Shinobi: Art of Vengeance begins with a single, arresting image: Oboro Village is burning, its paper-lantern glow swallowed by pillars of smoke, and Joe Musashi – once content to train students in quiet seclusion – steps forward, katana unsheathed, ready to carve a path through the flames. ENE Corp’s raid is swift, merciless, and thin on motive: the syndicate wants ninja souls to fuel a world-spanning weapons network, and Musashi’s clan provides the richest vein. Those are the only facts the game bothers to state outright. Everything else – grief, rage, duty – arrives through action: a sideways leap across a collapsing roof, the hiss of steel meeting armour, the soft thud of kunai as they find their mark. Within minutes, story and mechanics fuse; the controller becomes the ink brush that will complete Musashi’s new legend.
The Feel of the Blade
Combat thrives on restraint. Three buttons – light slash, heavy slash, and kunai throw – form the entire surface grammar, but every encounter rewrites its poetry. The key is flow rather than memorisation. Light attacks stitch into heavy strikes; a kunai interrupts to stagger a shield bearer; a cancel dash keeps the chain alive. Offence is rewarded by a blue Ninpo gauge that fuels elemental specials such as Dragon Breath or Lightning Strike; judicious risk, by contrast, fills a separate rage meter, sparking devastating, screen-wide Ninjutsu that can also serve as a burst-heal when activated at the edge of defeat.

Underpinning it all is the Shinobi Execution system: stagger an enemy until a crimson outline flickers, tap the finisher, and Musashi blurs through space, erasing every marked target in a single flourish. When multiple foes share that perilous outline the execution becomes a deadly dance, each teleport preserving momentum and turning the battlefield into a kinetic ink wash of motion. The mechanic is not merely spectacle. It refunds health and currency, encouraging players to juggle enemies instead of dispatching them one by one, and thus keeps risk balanced against reward.

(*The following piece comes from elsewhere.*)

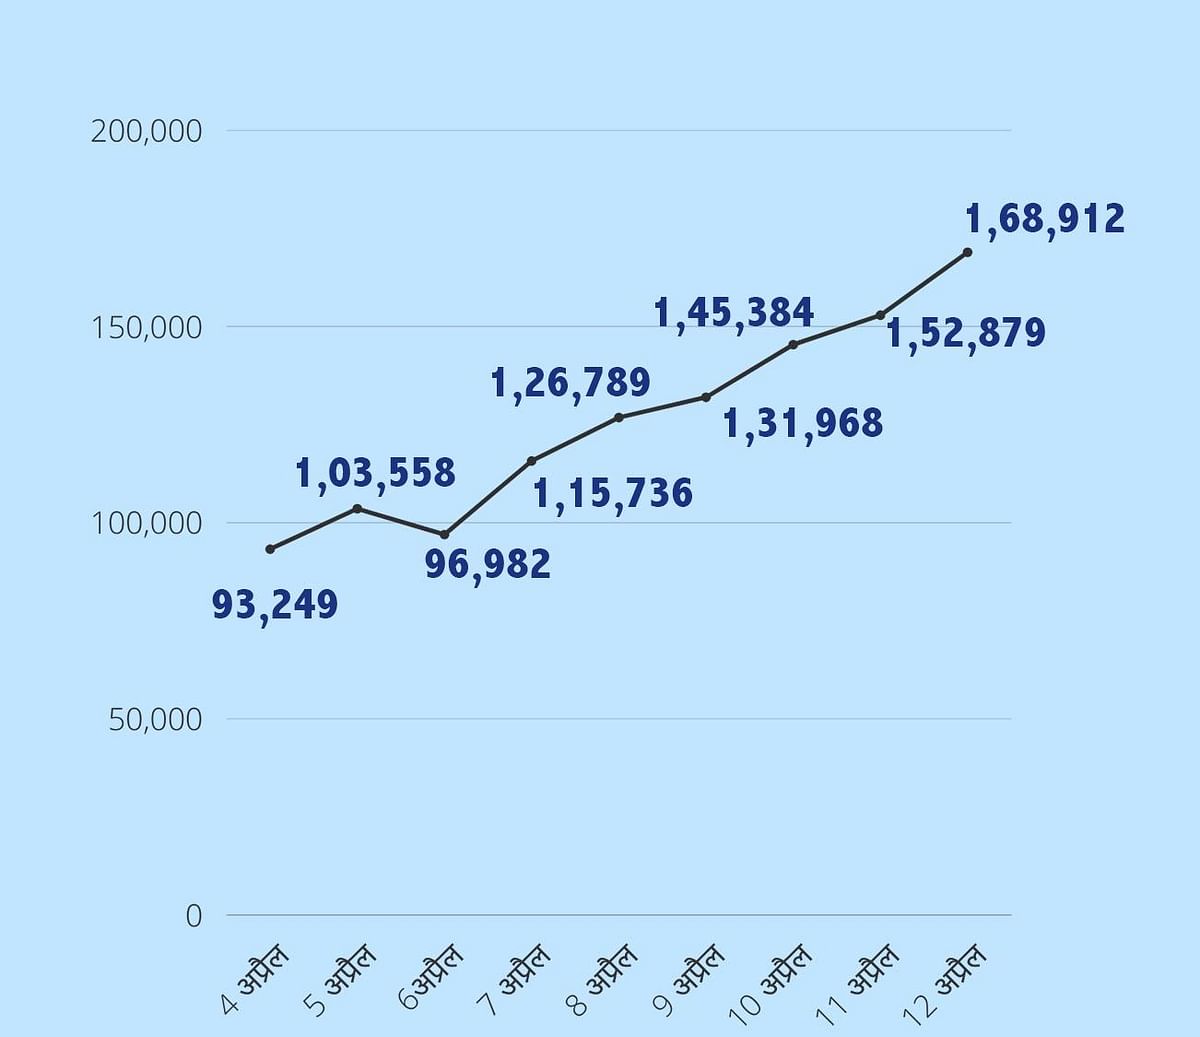 भारत में एक्टिव केसों की कुल संख्या 12 लाख पार कर गई है.

Musashi’s move set is as wide as a summer river, yet its depth runs further. Almost every attack animation can be jump-, dash-, or wall-cancelled, allowing advanced players to sketch their own aerial calligraphy: launch a spear-wielding yokai, juggle it toward a platform edge, dash-cancel into a wall run, then dive-kick back into the fray before gravity remembers its job. Nothing in the skill tree is strictly linear. Elemental Ninpo can be re-slotted between checkpoints; amulets tweak everything from combo timing to fire-ball radius, turning load-outs into micro builds that suit individual pacing or level-specific hazards.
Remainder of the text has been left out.